Problem: Retype the whole listing below exactly, keeping every picture out of it.

Source data:
»»

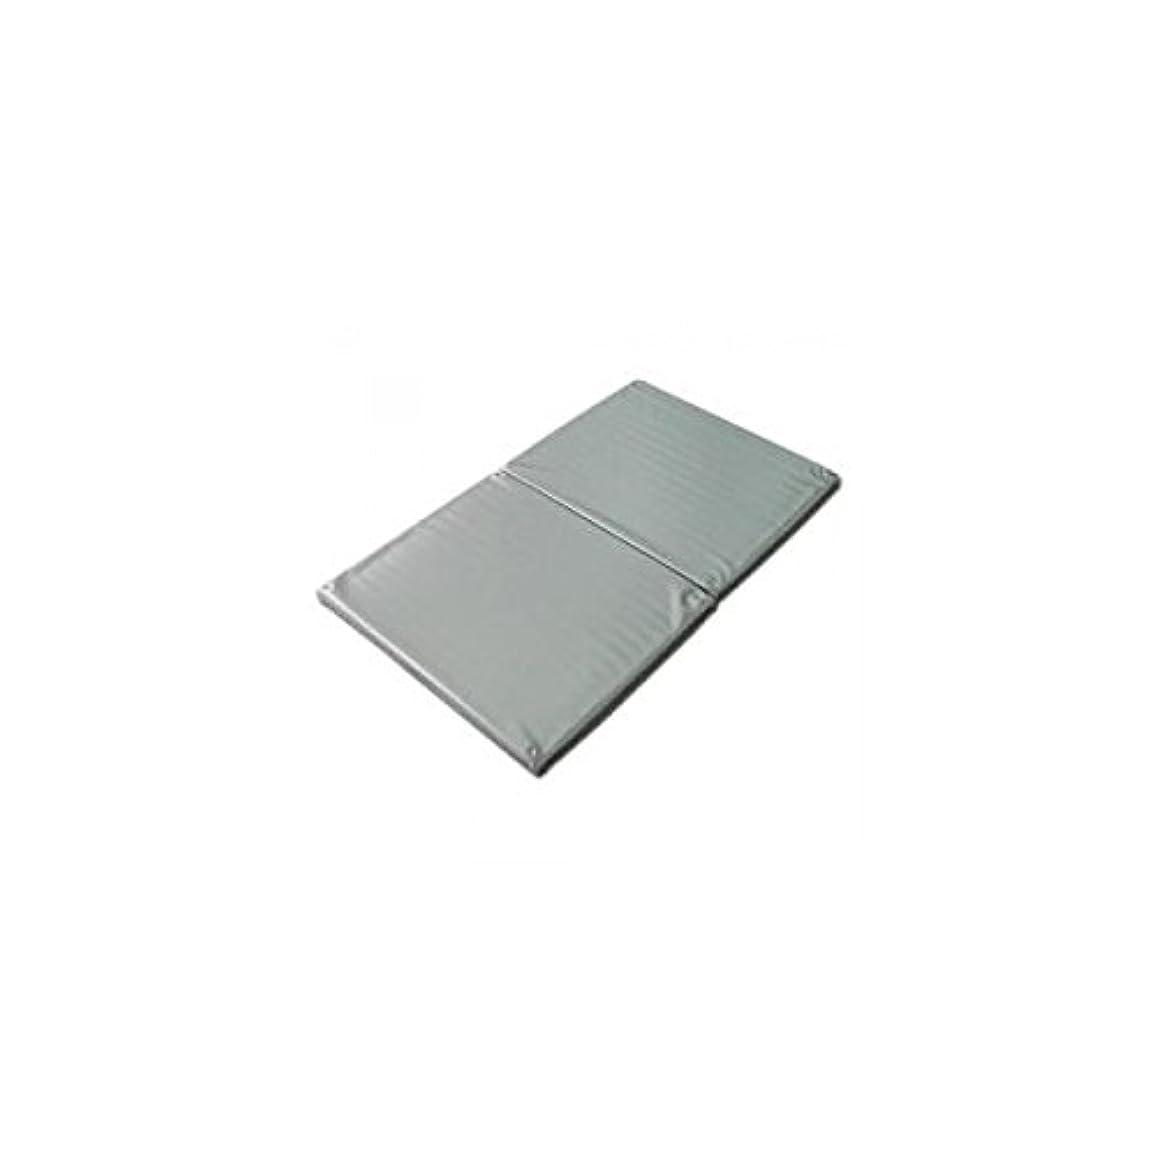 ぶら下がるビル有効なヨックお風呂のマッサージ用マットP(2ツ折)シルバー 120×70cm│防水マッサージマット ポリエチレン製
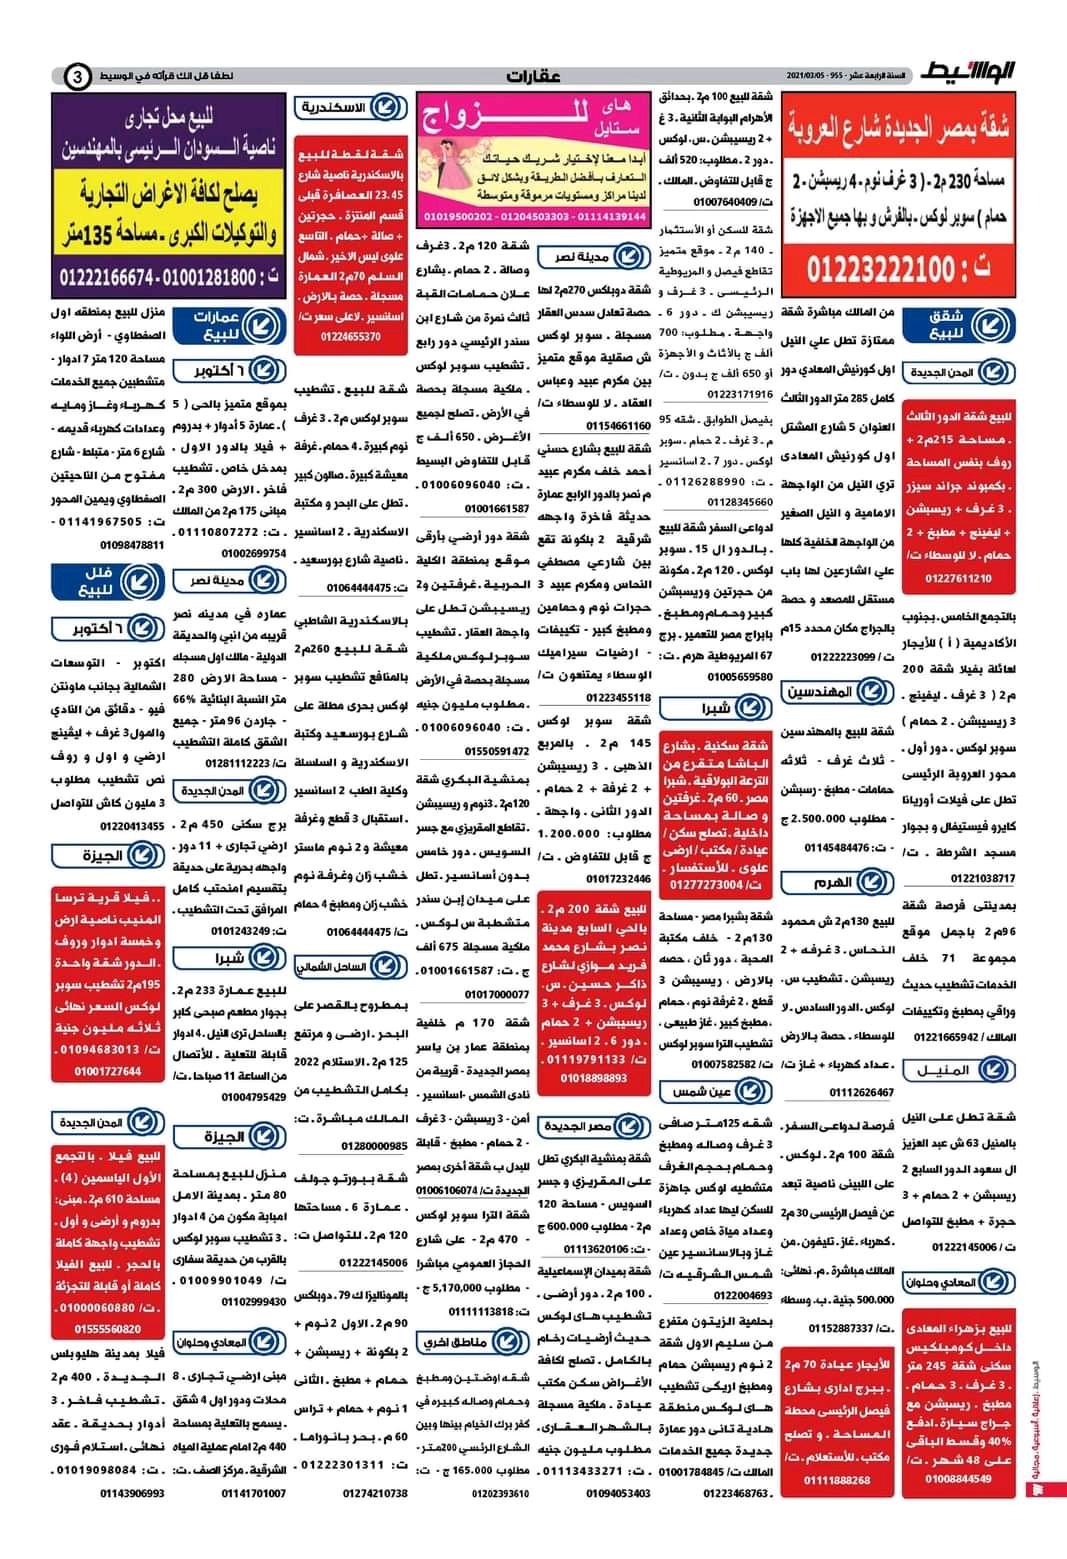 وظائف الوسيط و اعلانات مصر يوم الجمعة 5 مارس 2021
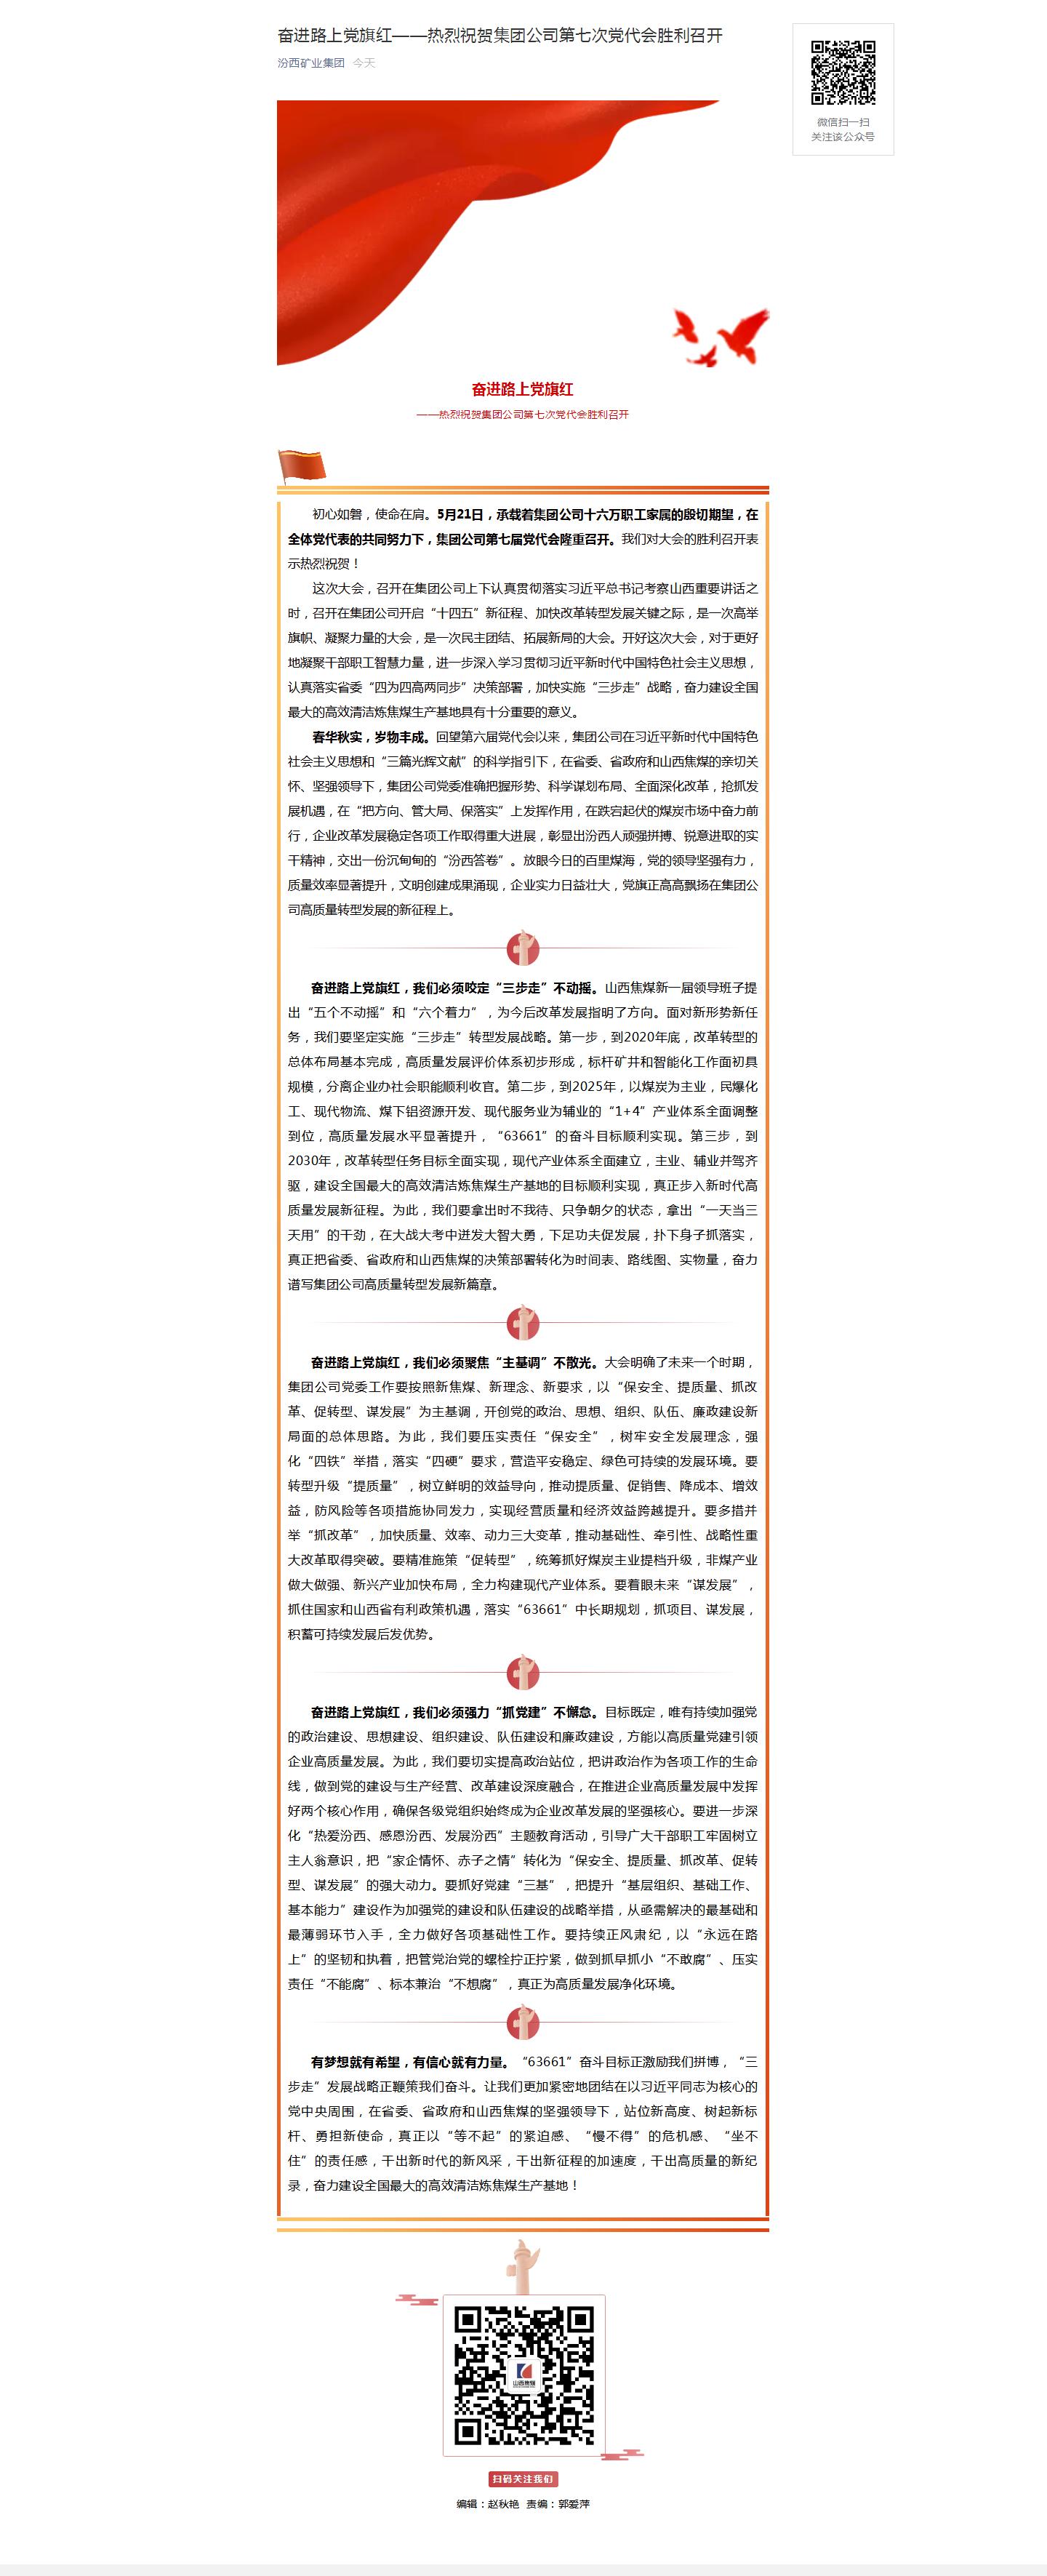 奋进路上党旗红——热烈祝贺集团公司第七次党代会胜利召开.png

««

Solution to the problem:
 ぶら下がるビル有効なヨックお風呂のマッサージ用マットP(2ツ折)シルバー 120×70cm│防水マッサージマット ポリエチレン製
 وظائف الوسيط و اعلانات مصر يوم الجمعة 5 مارس 2021
 奋进路上党旗红——热烈祝贺集团公司第七次党代会胜利召开.png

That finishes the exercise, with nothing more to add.